My instincts told me that blood would be shed that night, and very soon. My
jambiya
was concealed within my head-wrap, its pommel a cunning “jewel” upon my hair. If a fight were to occur, I would dare to side with Omuz against the others. For he had seen and understood the symbols upon my amulet, and I suspected that if we were to come to blows, his fear of the Ghuls would prove to be greater than his fear of the disobedient Tashet and Akhri. He might fight by my side.
Beyond these three leaders, however, there were some twenty lesser men. These watched my defiance of Akhri’s call for tribute with great interest.
Tashet dared call me
majnun
, one haunted by the Jinn and so made mad by sacred visions. I did laugh at him, and told him this was truer than he would ever dare to believe. Akhri—too late, I could smell that he was drunk and mad with spice—grew rash and wild, and drew a scimitar and held it to my throat.
This was a delicate time. Beyond these three, there were the twenty other men in the command. Some few seemed respectful, others wary, but most were curious only to see if Omuz’s authority could survive the disrespect of both his captains at once.
I was ordered by Akhri to dismount from my riding camel. This I did. Tashet commanded that I submit to search, and this was overruled by Omuz. And so I refused. Murmurs arose within the ranks. I asked Omuz, over the shoulder of Akhri, whether it was proper to hold one poor merchant at blade point and not offer him a shelter for the night. If I was to be detained, was I not a guest? Had tribal honor come to this?

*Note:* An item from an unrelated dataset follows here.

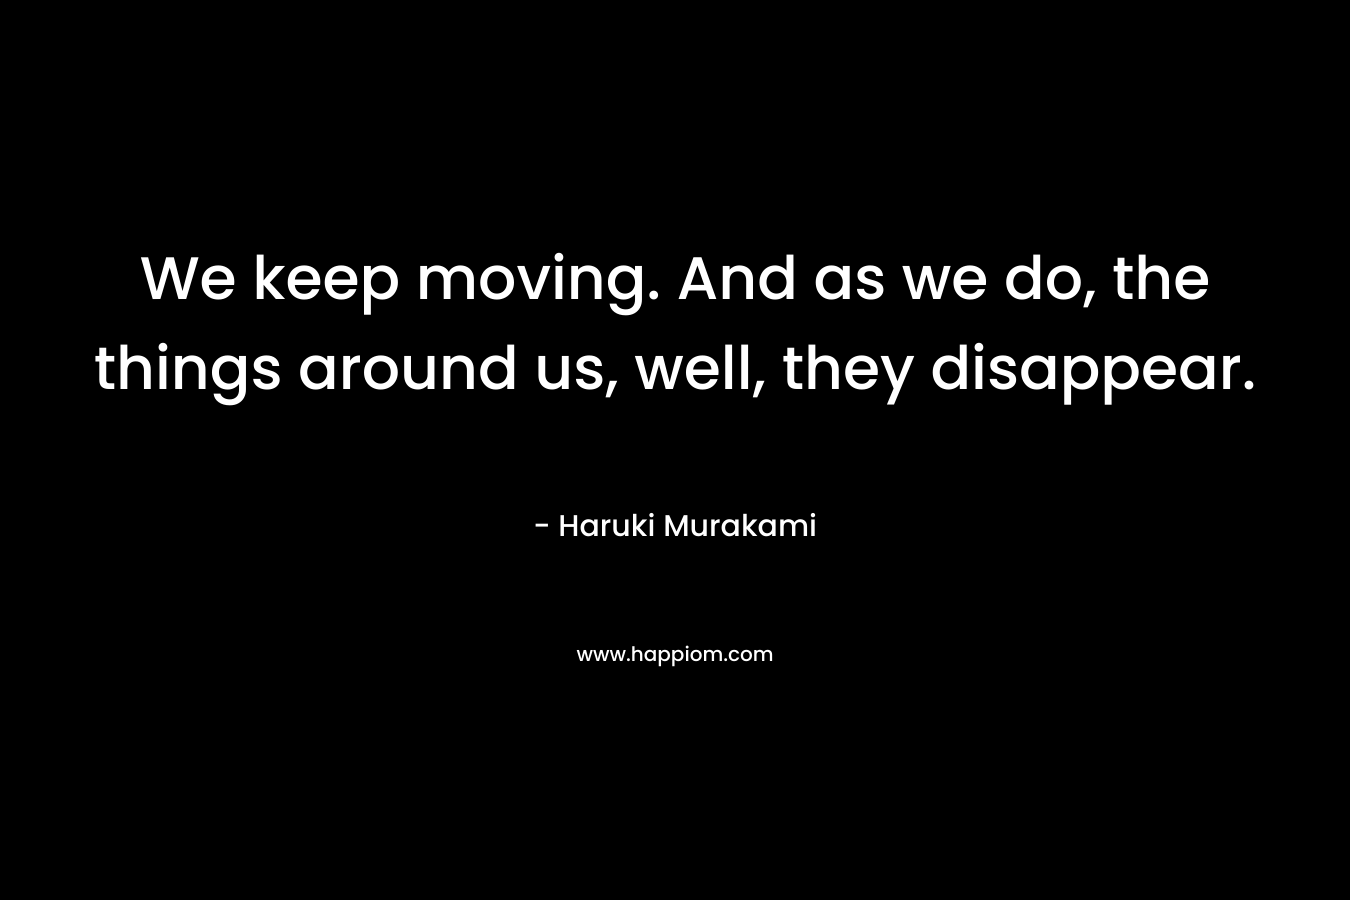 We keep moving. And as we do, the things around us, well, they disappear.

The men murmured at this, for some were Bedouin, and others tribal outcasts. Few of them were at ease with my confinement.
Biding my time, I suggested a truce of ways: I would go with them, and submit to their search of my camels; but not until I was fed and my camels watered. I would feast with them, and then they could search all my goods and take whatever tribute they deemed to be the equal of my gratitude for their hospitality.
Akhri scowled at this, for he knew that he had been outmaneuvered. He sheathed his blade. But his eyes were filled with hatred. And so did I let myself be taken.
~
Allowed to lead the most heavily burdened of my camels, I was walked to the Mosque of the Undervaults, which stands upon the foundations of a greater ruin at Babylon’s southwestern edge. My camels were tethered and watered by four of the men, while four others stood guard. Five further men left to patrol the Ten Thousand Teeth once more.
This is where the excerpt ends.